'''

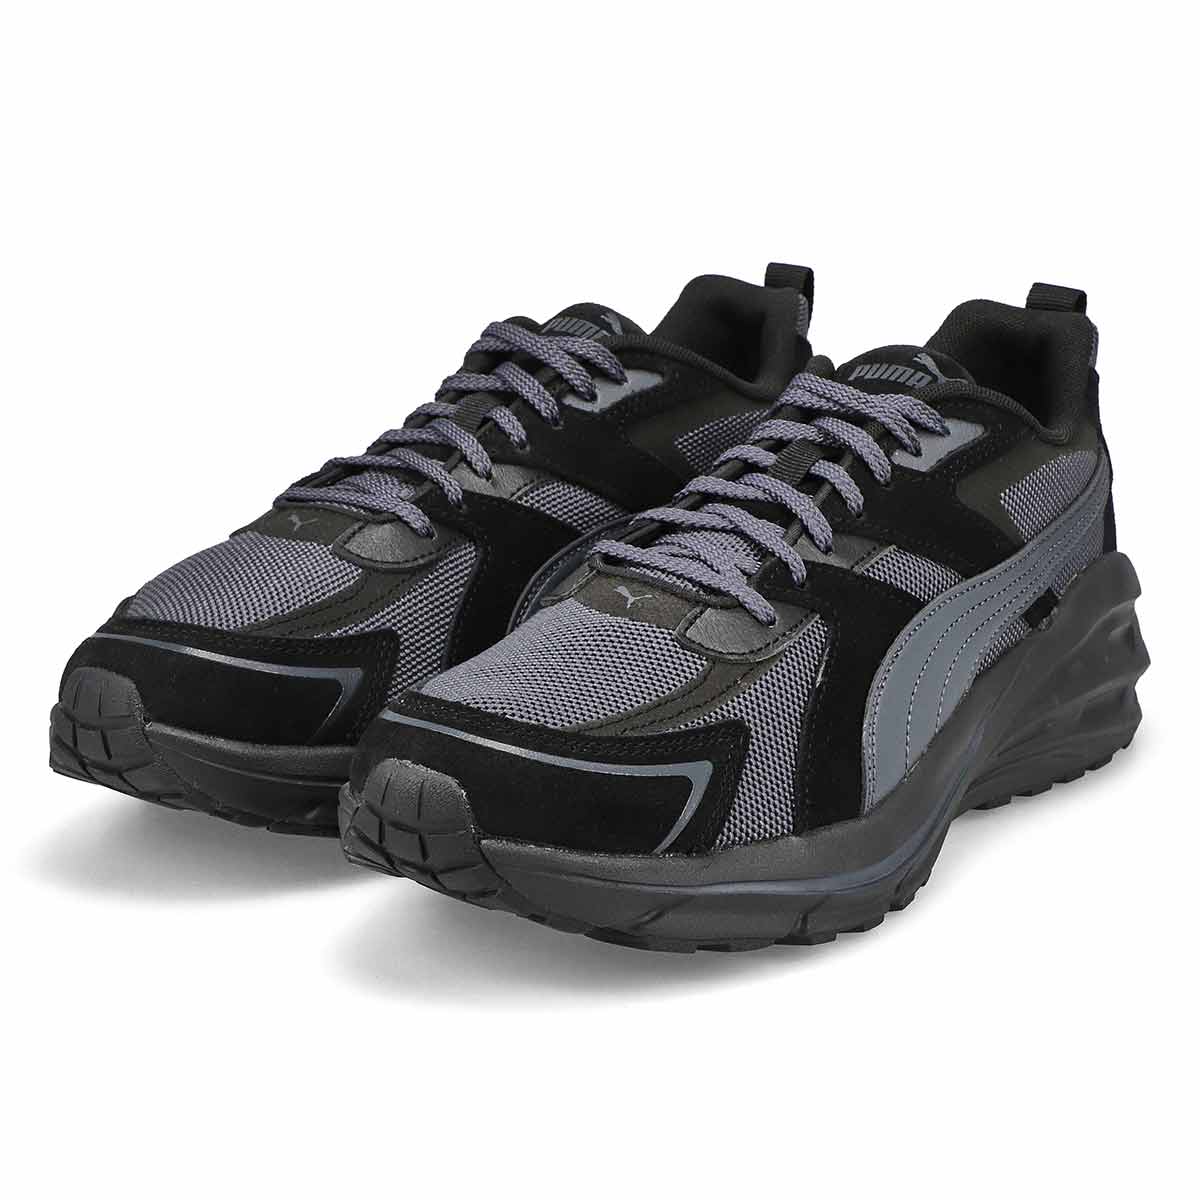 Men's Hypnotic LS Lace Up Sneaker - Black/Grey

'''
'''

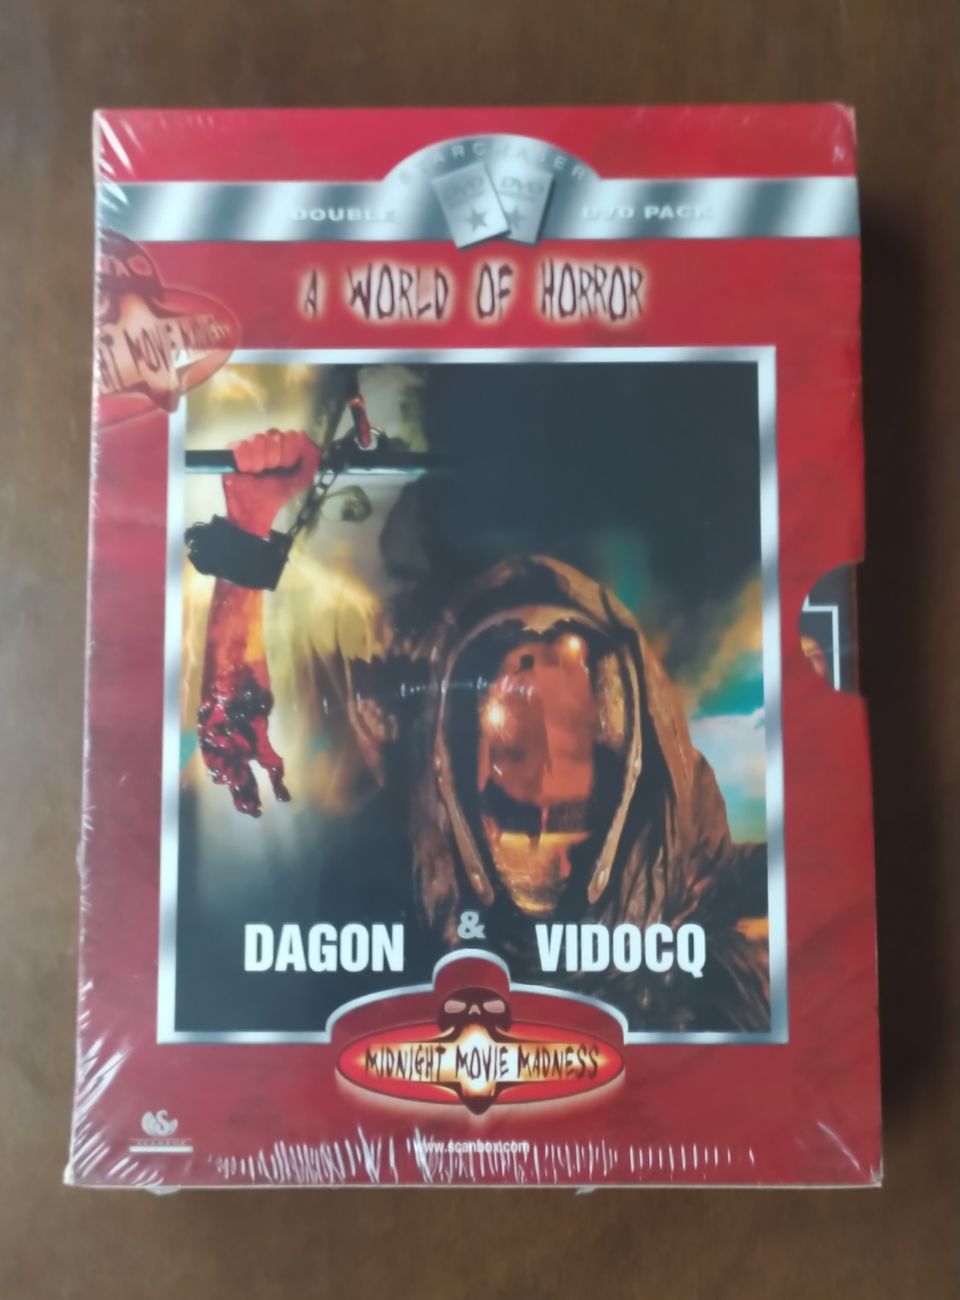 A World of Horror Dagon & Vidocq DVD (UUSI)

'''
'''

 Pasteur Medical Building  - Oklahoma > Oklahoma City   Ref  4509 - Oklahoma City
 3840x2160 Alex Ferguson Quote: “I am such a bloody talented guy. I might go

'''

#### What you have to do
Beginning at the line with "Pasteur Medical Building" and ending at the line with "3840x2160 Alex Ferguson", reproduce each line of the data above exactly, and add no other lines.

#### Completed task
 Pasteur Medical Building  - Oklahoma > Oklahoma City   Ref  4509 - Oklahoma City
 3840x2160 Alex Ferguson Quote: “I am such a bloody talented guy. I might go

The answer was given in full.